5. There is one more vacuum connection right below that. I forget what it is for, but I plugged that one too. I can post a pic later.
When hooking up the throttle cable, make sure the little black plastic deal (technical name) that mounts to the TB is pointed down. It will install both ways, and if you install it the wrong way, when you start the car, it will be idling at 4000 RPM. Ask me how I know.
Also, pay attention to how the cable routes down to the connection down by the trans. The throttle cable actually has to go through the coil for the slave cylinder.
If you run into any questions, feel free to reach out. It's all still pretty fresh. I also have a ton of parts left over from the blown motor, so if you need anything, let me know.
#10
Captain Obvious
Super User
Super User
When you get the engine out, pull the IMS bearing flange to make sure it was the bearing that let go and not something else. As a mater of fact, I would do this first before buying the other engine (you can fix a lot for $6K). Lots of things can let go besides the bearing. If it's an original engine with a double row bearing then the chances are greater that something else went. On my '99, the variocam tensioner pads went that jammed into the timing sprocket and made the timing jump. This cause 6 bent exhaust valves so the owner deiced to trade it in on a new Boxter......I ended up buying it as a non runner.
#11
Rennlist Member
You do have a risk of not being able to hear the car run (if it is not local). But you can pull a car fax to see if service was happening, and the fact that it hit something means it was running at the time. I "think" I may have lucked out a bit, since the motor in the donor I got ended up being a Porsche replacement motor with the upgraded 997 bearing, so it actually has less miles than I originally thought. I've only driven in 85 miles since I got it back together, so I am not celebrating yet.

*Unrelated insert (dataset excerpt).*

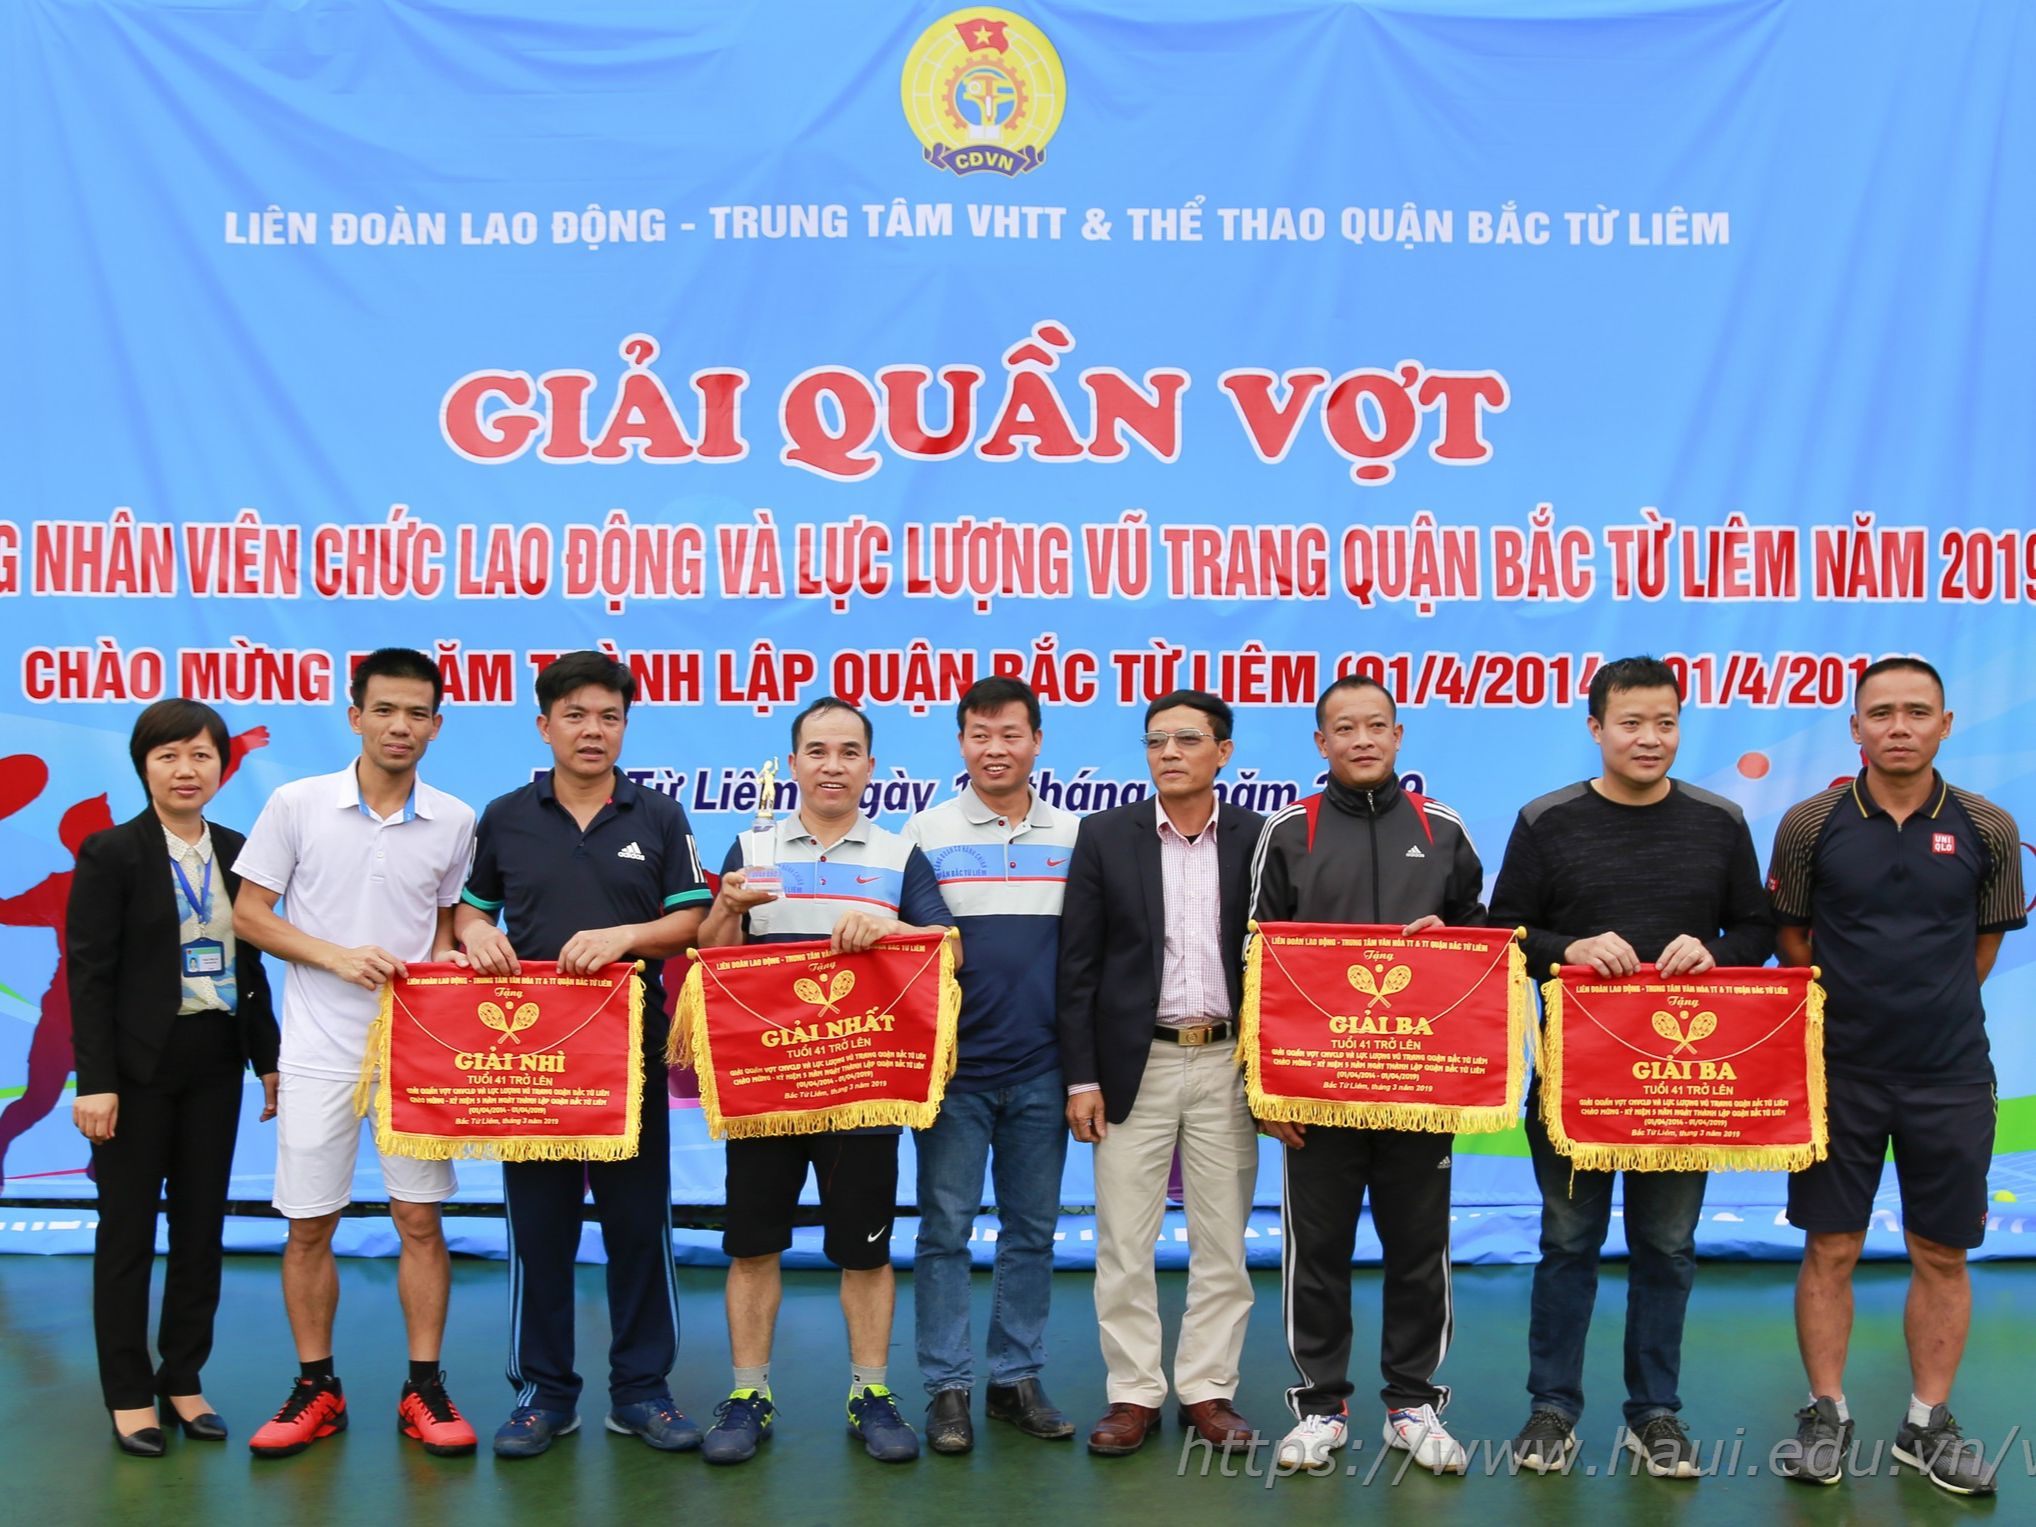 Giải quần vợt công nhân viên chức, người lao động và LLVT quận Bắc Từ Liêm năm 2019

Of course it takes time to do it, I already had a side business of parting out M3s, so this was just the natural course I took.
I have not started selling things off the blown motor yet, but I am guessing there is at least $1500-$2000 worth of stuff that should sell.
#13
Rennlist Member
Not yet sure that I got lucky. Won't know until after the first event in three weeks. But I have purchased 5 other cars (all for the purpose of parting out), and all of them were better than what I thought they would be. Granted, they were sub 3K e36 M3s, so it is not apples to apples. I would also never purchase a Copart with the intention of driving it. That is a can of worms not worth digging into, and honestly, there is almost always more money to be made from parting a car, than from buying a salvage car, fixing it, and trying to flip it, providing you are buying the right cars.
#15
Pro
That Vertex price will require core too.
+996 on what let go, mine is Thrust bearing caught before death of motor (just) expensive to fix, but I don't want to risk another "second hand engine" with same/worse hidden issues.
+996 on what let go, mine is Thrust bearing caught before death of motor (just) expensive to fix, but I don't want to risk another "second hand engine" with same/worse hidden issues.